China TV Covers Tu Exhibition

China's CCTV, the largest national television network in all of China, on June 27 this past week broadcast a three-minute, fifteen-second review of Tu Zhiwei's exhibition of paintings at the National Museum of Fine Arts in Beijing. It is a superb television report, narrated (in English) by Robert Ireland.

An abbreviated four-page written entry (also in English) is available here.

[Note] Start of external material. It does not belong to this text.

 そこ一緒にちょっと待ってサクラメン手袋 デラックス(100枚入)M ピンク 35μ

For Western viewers, the video is best seen using a fast connection and an up-to-date Internet Explorer browser with the latest Java plug-in. (CCTV tends to use the very latest in production and internet technology.) U.S. cable TV and satellite viewers may be able to catch a replay if their home TV provider includes the English-language "Culture Express" channel in the program lineup. (See, for example, Direct TV's channel 455.)

Ireland first takes a look at some of the paintings from Tu's "bones" period. "The divided world of Tu Zhiwei," he perceptively calls it. It is a world, he reports, "that exists on many levels, divided vertically and horizontally, and even touching new dimensions."
Presumably the painter resides here somewhere. But just where, may be hard to cite, as he seems to set his spirit free from the confines of the body, entering a realm a little beyond immediate experience, a little removed from the known time-space continuum.
Tu's "bone" paintings were conceived in his earliest years in the U.S. when he was working alongside the late, revered American painter, Jules Kirschenbaum. It was an exciting but scary time in the life of the artist. He found himself thrust into a completely foreign culture, far removed from family and friends, struggling with an alien language and adjusting to American ways that can seem exceedingly strange to an outsider. Yet, he was also suddenly free to dedicate every waking moment to his art.

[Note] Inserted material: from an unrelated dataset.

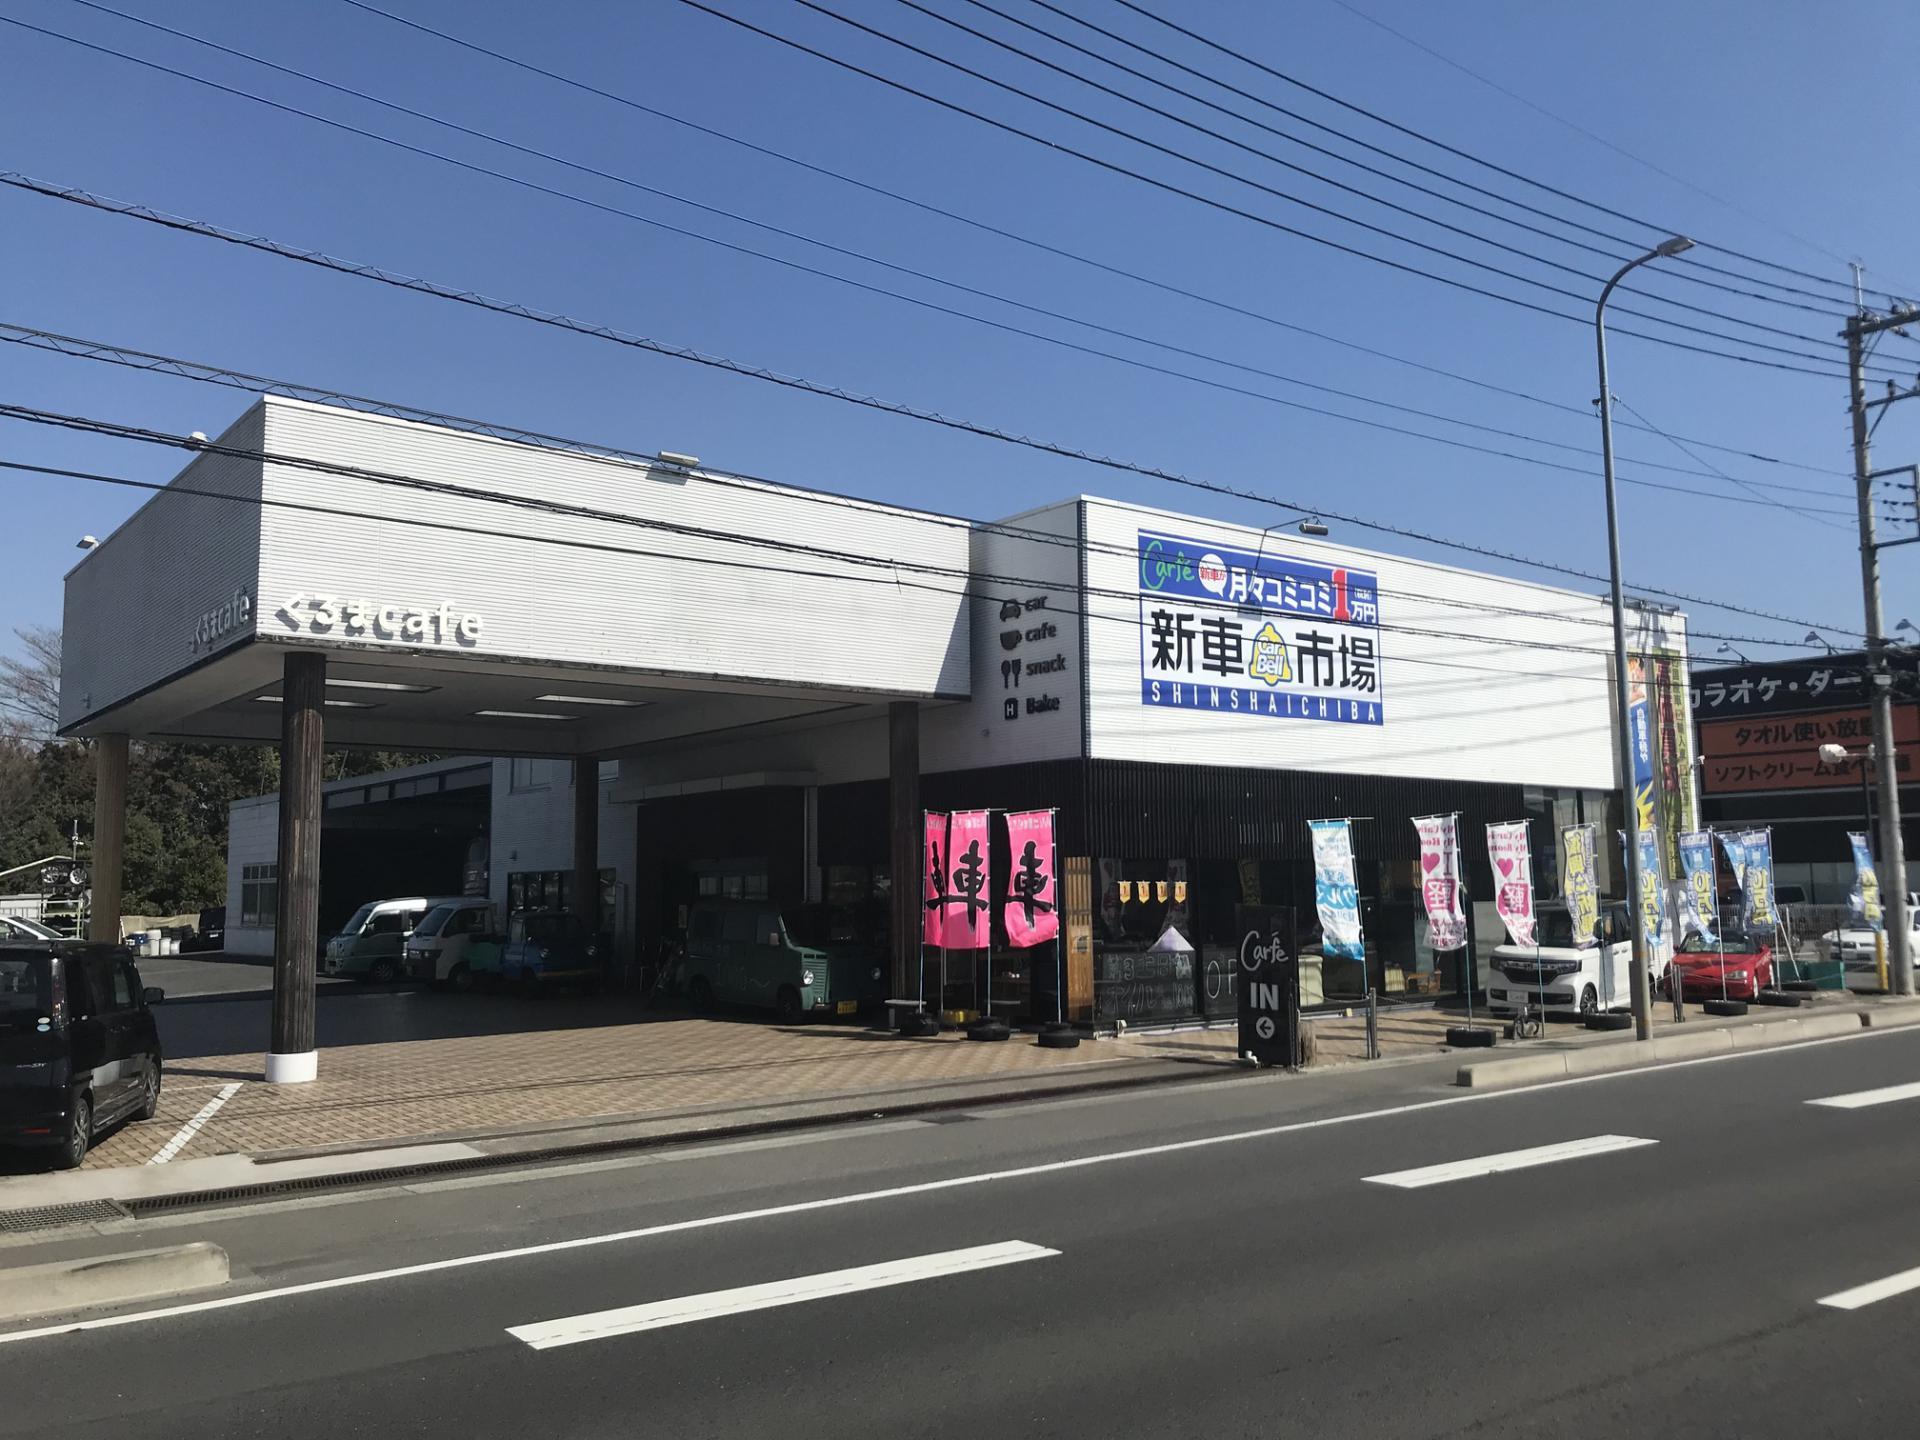 株式会社メタルワーカー・エスイーエー 新車市場 宇都宮川俣店

"Many dimensions," indeed.

Turning to later works such as a number of nude portraits and Tibetan paintings included in the exhibition, the reviewer acutely observes that "viewers find it hard to connect" these works with the same artist who conceived the "bones" paintings.
Like his paintings, Tu the man, has many facets and styles. Visitors find it hard to connect the nude paintings hung on the opposite wall, to the creator of such startling imagery [as the "bones" paintings]. The thick, short strokes and hazy lines recall Impressionism. More precisely, it's an expression of the American variant, in which the figure retains more of its original form.
As for his latest work, "it's in these -- his history-themed giant canvasses -- that the painter's artistic genius comes into full force."
The compositional rigor, paired with splendid color sense, evoke such Western masters as Titian and Van Eyck.
* * *
These grandiose scenes, depicting events of great moment, probably would find their place as chapel pieces if such religious constructs were found in Chinese history. But the expressions of faces, ranging from panic and horror to outrage and despair, belie the artist's obsession with the darker side of history.

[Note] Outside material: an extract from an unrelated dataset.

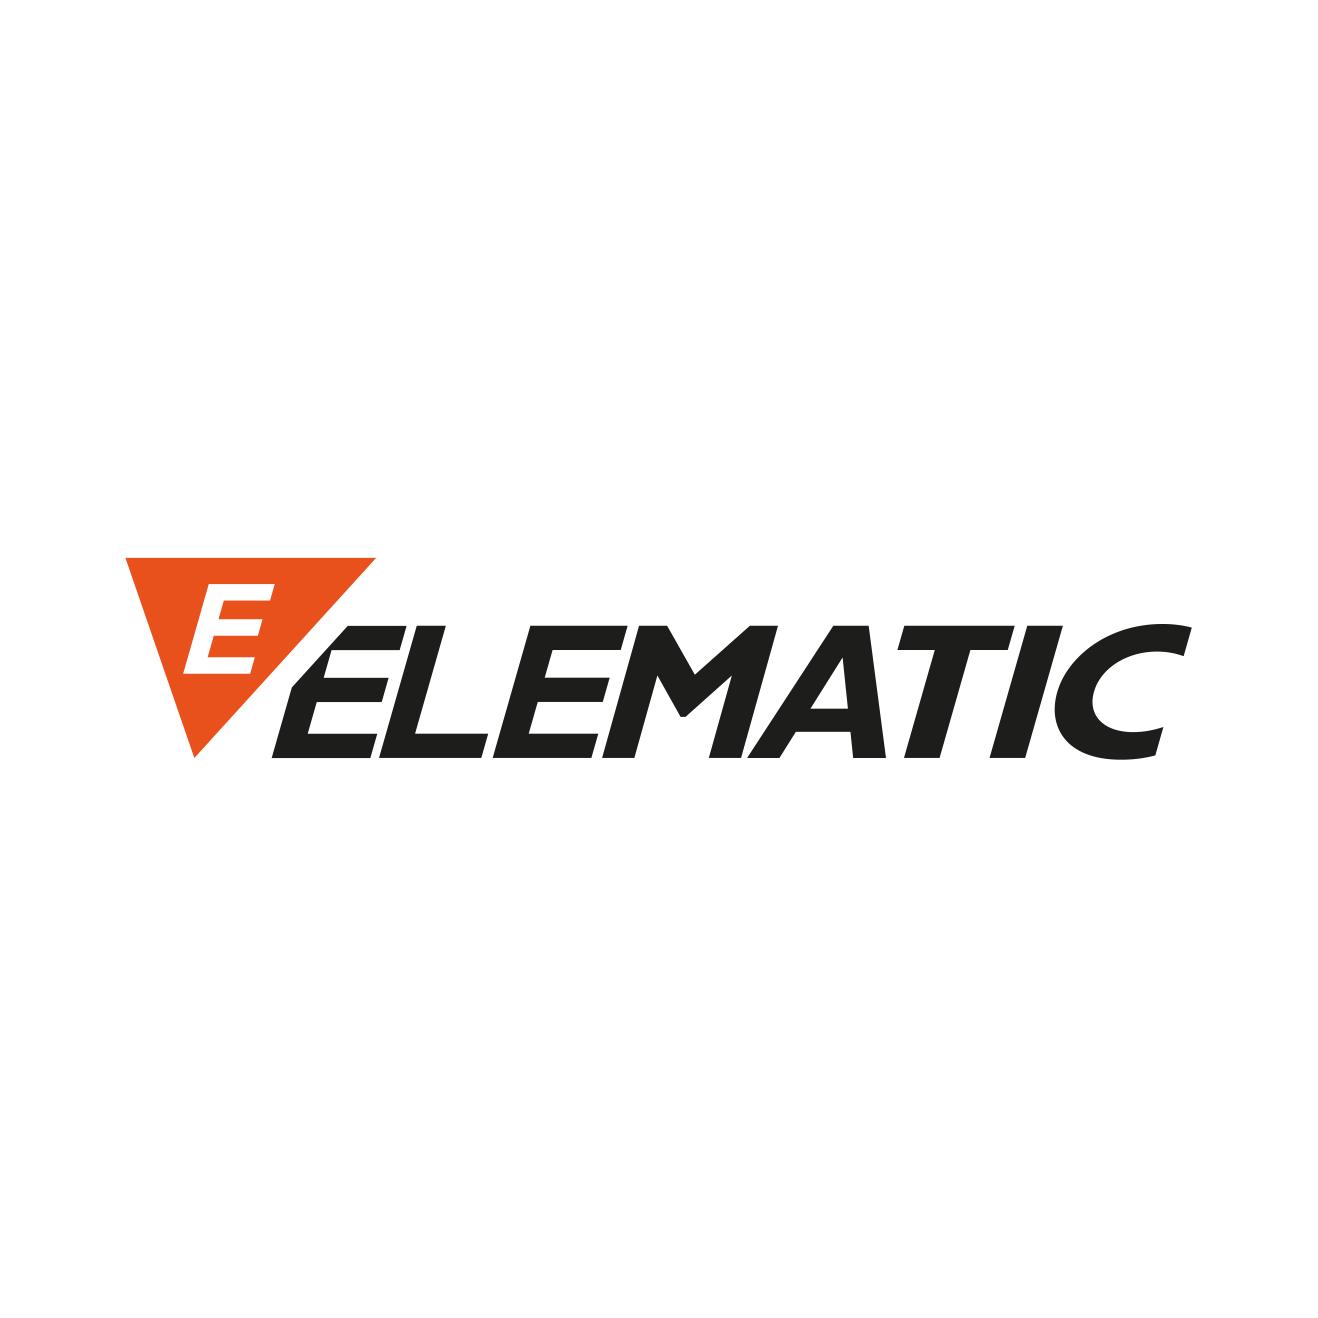 Elematic square

Indeed, if there's any altar for these works to be lain, it may be said they rest on the altar of the human spirit.
After what has to be described as a triumphant artist's tour of major Chinese museums, Tu returns to the United States this coming month. No doubt energized and inspired, he'll be resuming both his remarkable artistic work and his role as 'informal ambassador' building bridges across the Pacific for artists on both sides of the Pacific.

Friday, June 15, 2007

Beijing Exhibition Opens

Tu Zhiwei's exhibition at the National Art Museum of China opened today. It is really quite an honor for the artist. In a nation of 1.4 billion, a one-man show at NAMOC in Beijing is the equivalent of the same at the Metropolitan Museum of Art and the Hirschhorn, combined.